━━ Data extract
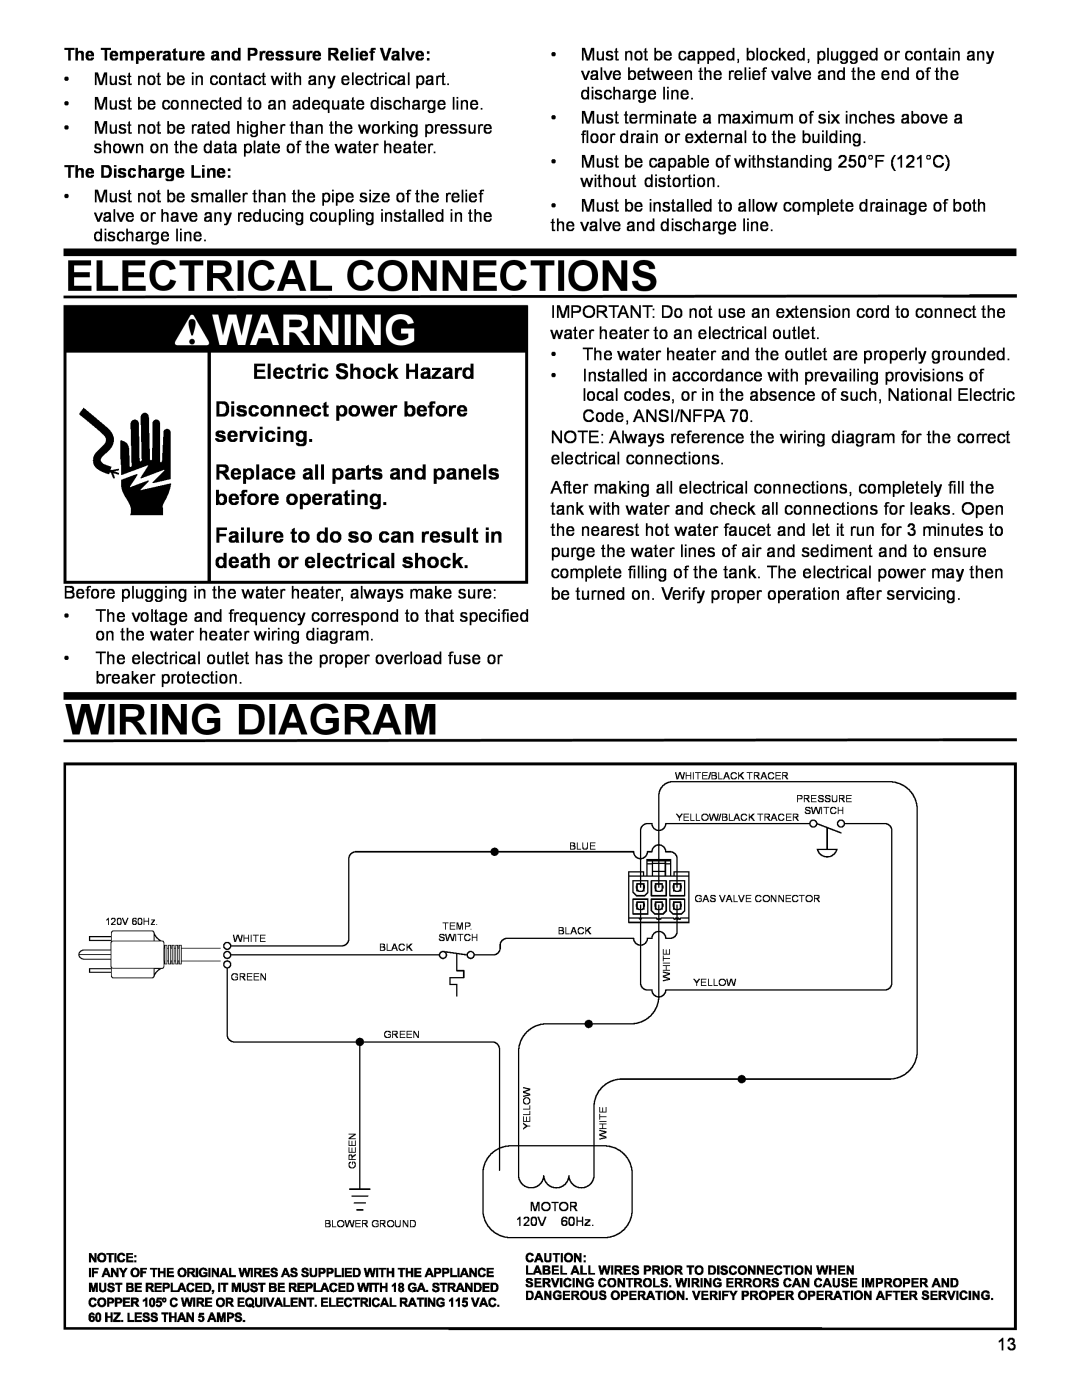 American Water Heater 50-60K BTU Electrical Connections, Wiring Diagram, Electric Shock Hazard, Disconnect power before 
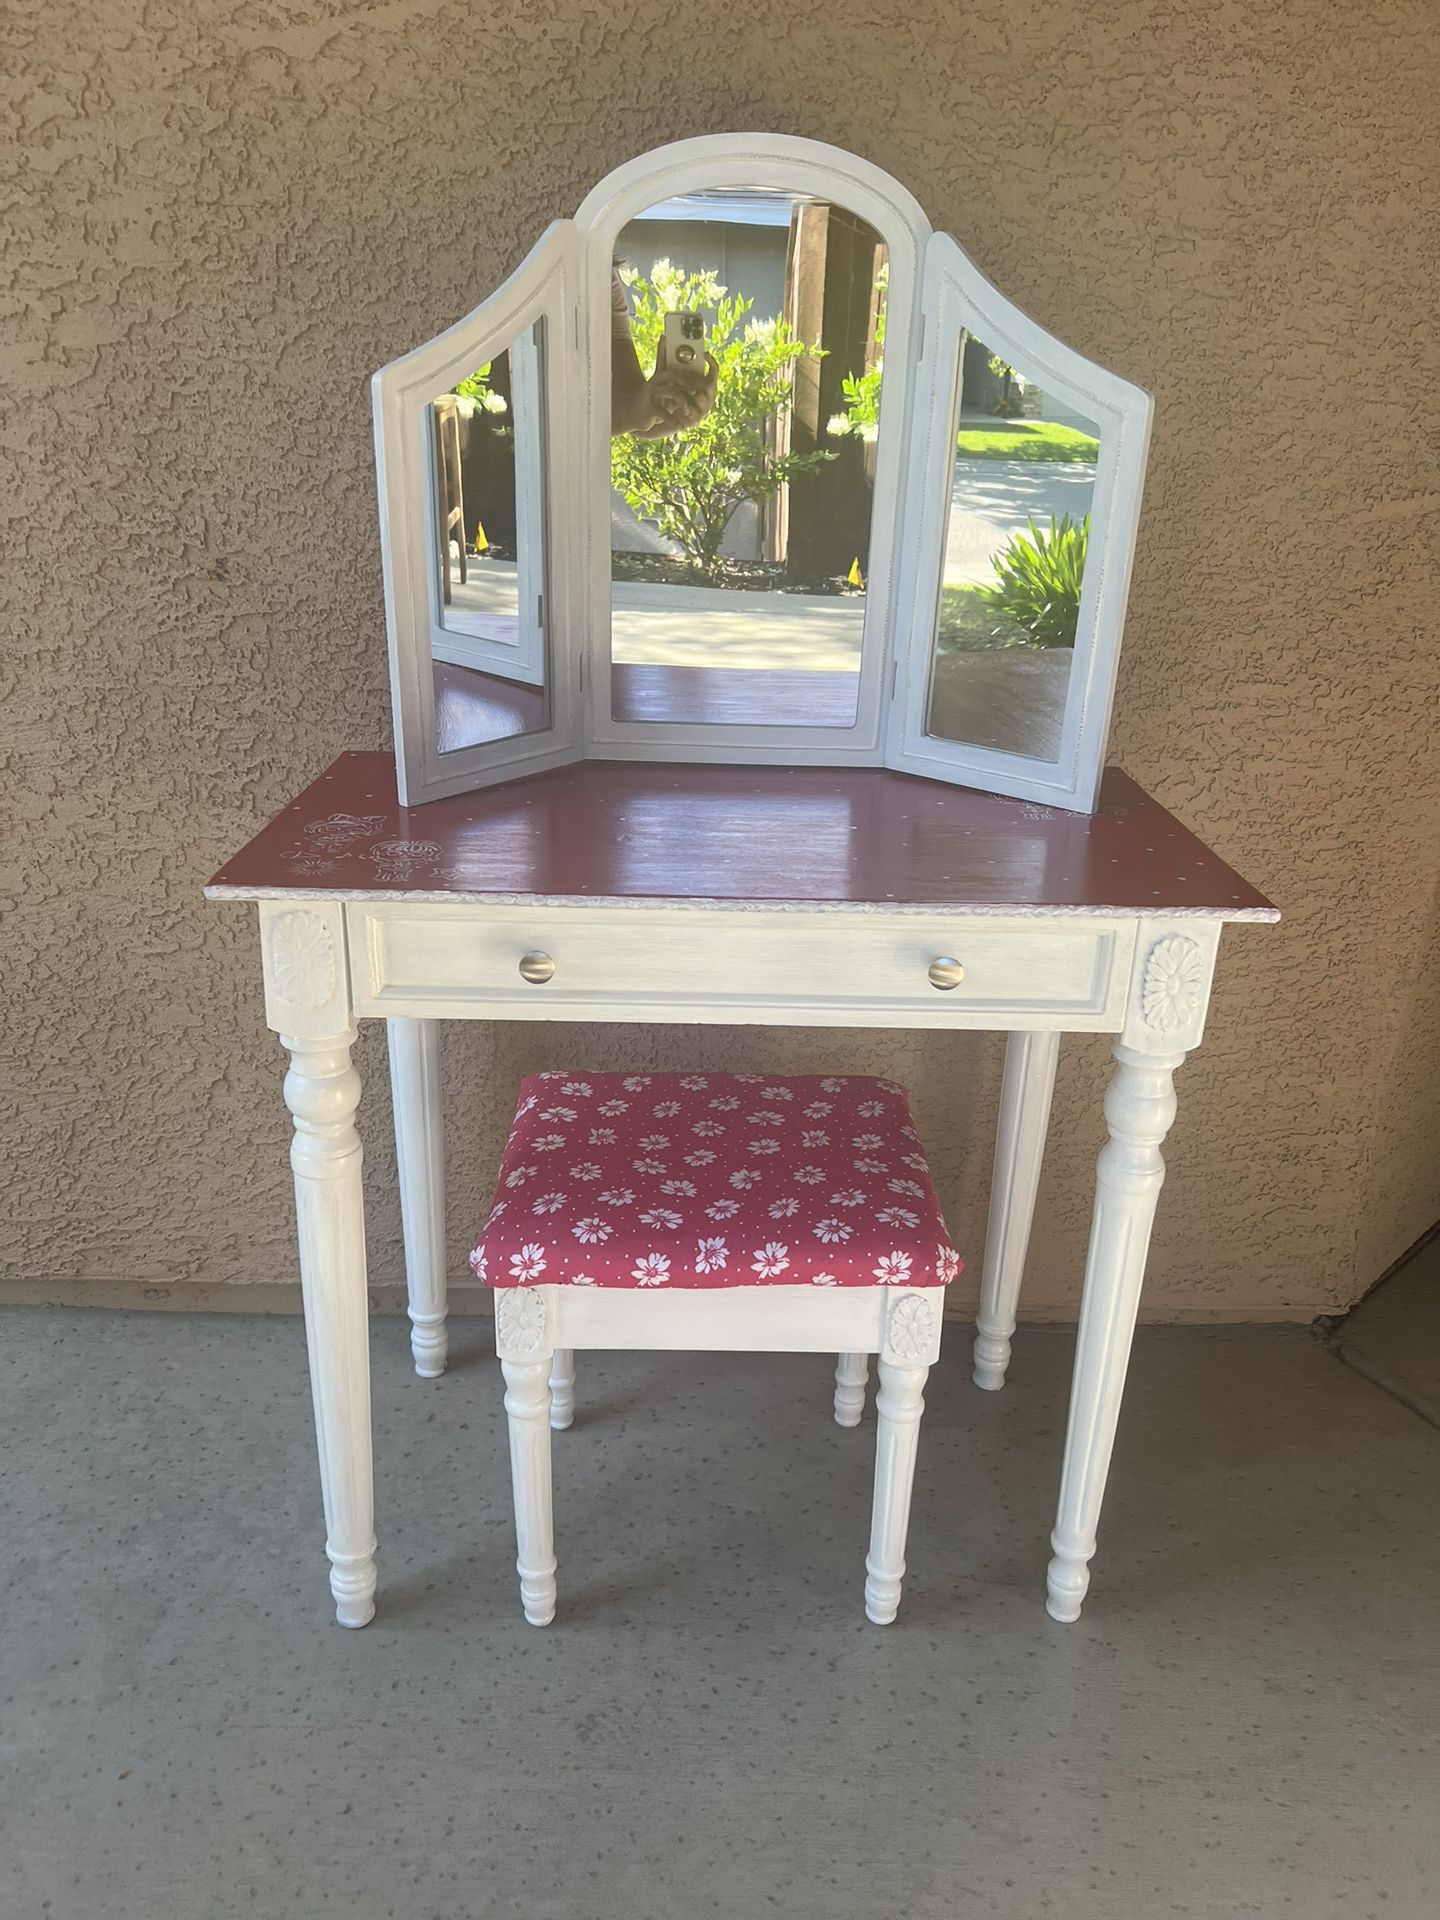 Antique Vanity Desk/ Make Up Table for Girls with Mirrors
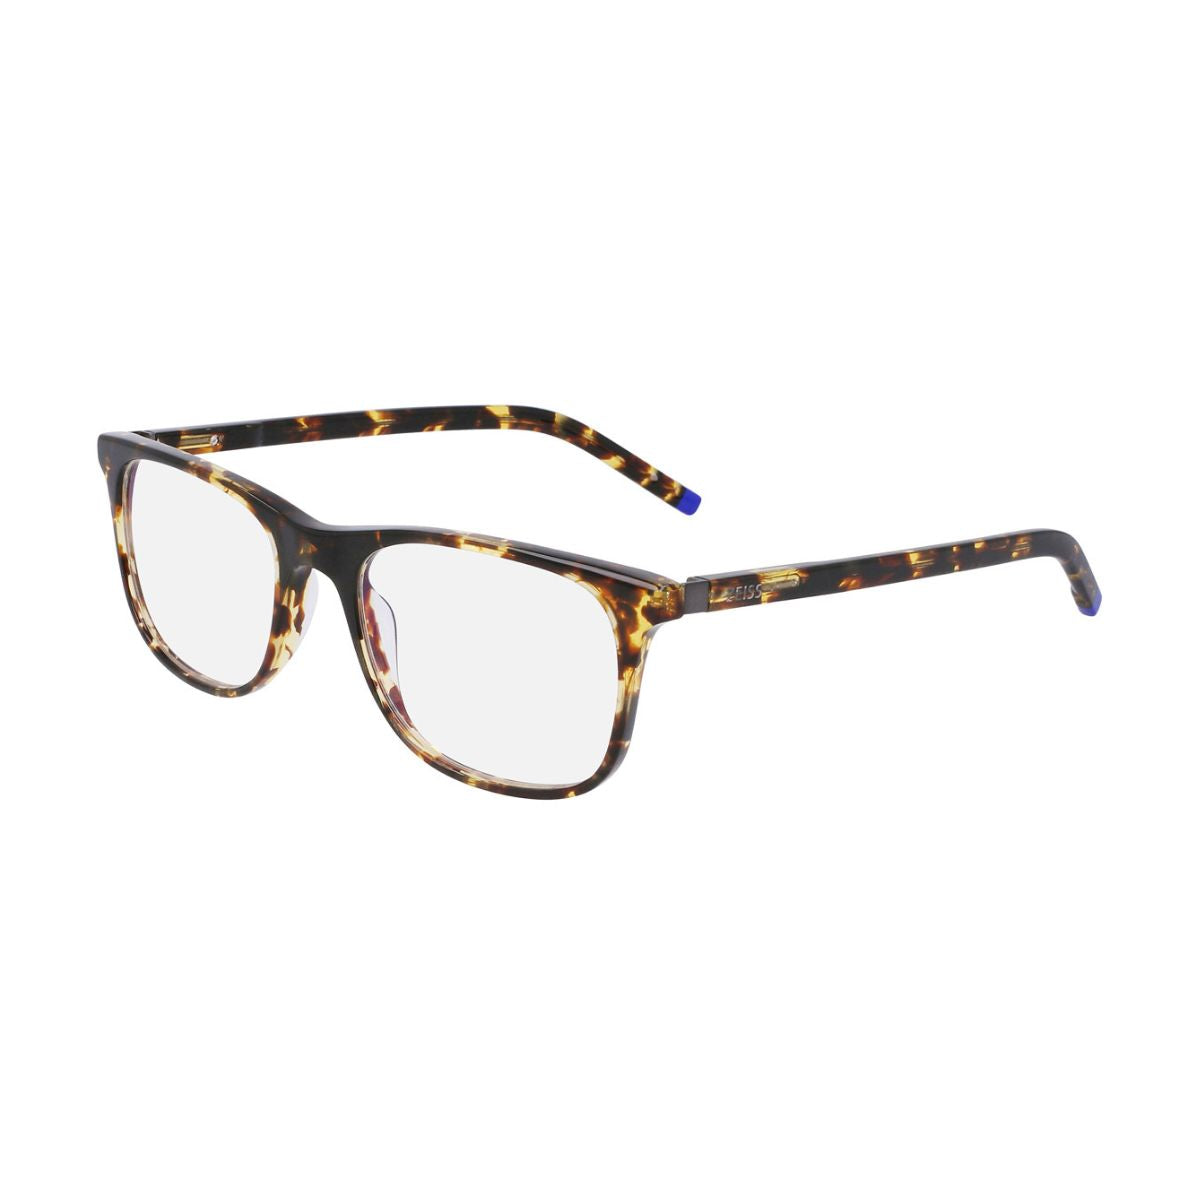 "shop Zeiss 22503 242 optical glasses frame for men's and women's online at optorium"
━━━━
Directions:
Without including any picture, repeat the data exactly.

Final answer:
 American Water Heater 50-60K BTU Electrical Connections, Wiring Diagram, Electric Shock Hazard, Disconnect power before 
 Antique Vanity Desk/ Make Up Table for Girls with Mirrors
 "shop Zeiss 22503 242 optical glasses frame for men's and women's online at optorium"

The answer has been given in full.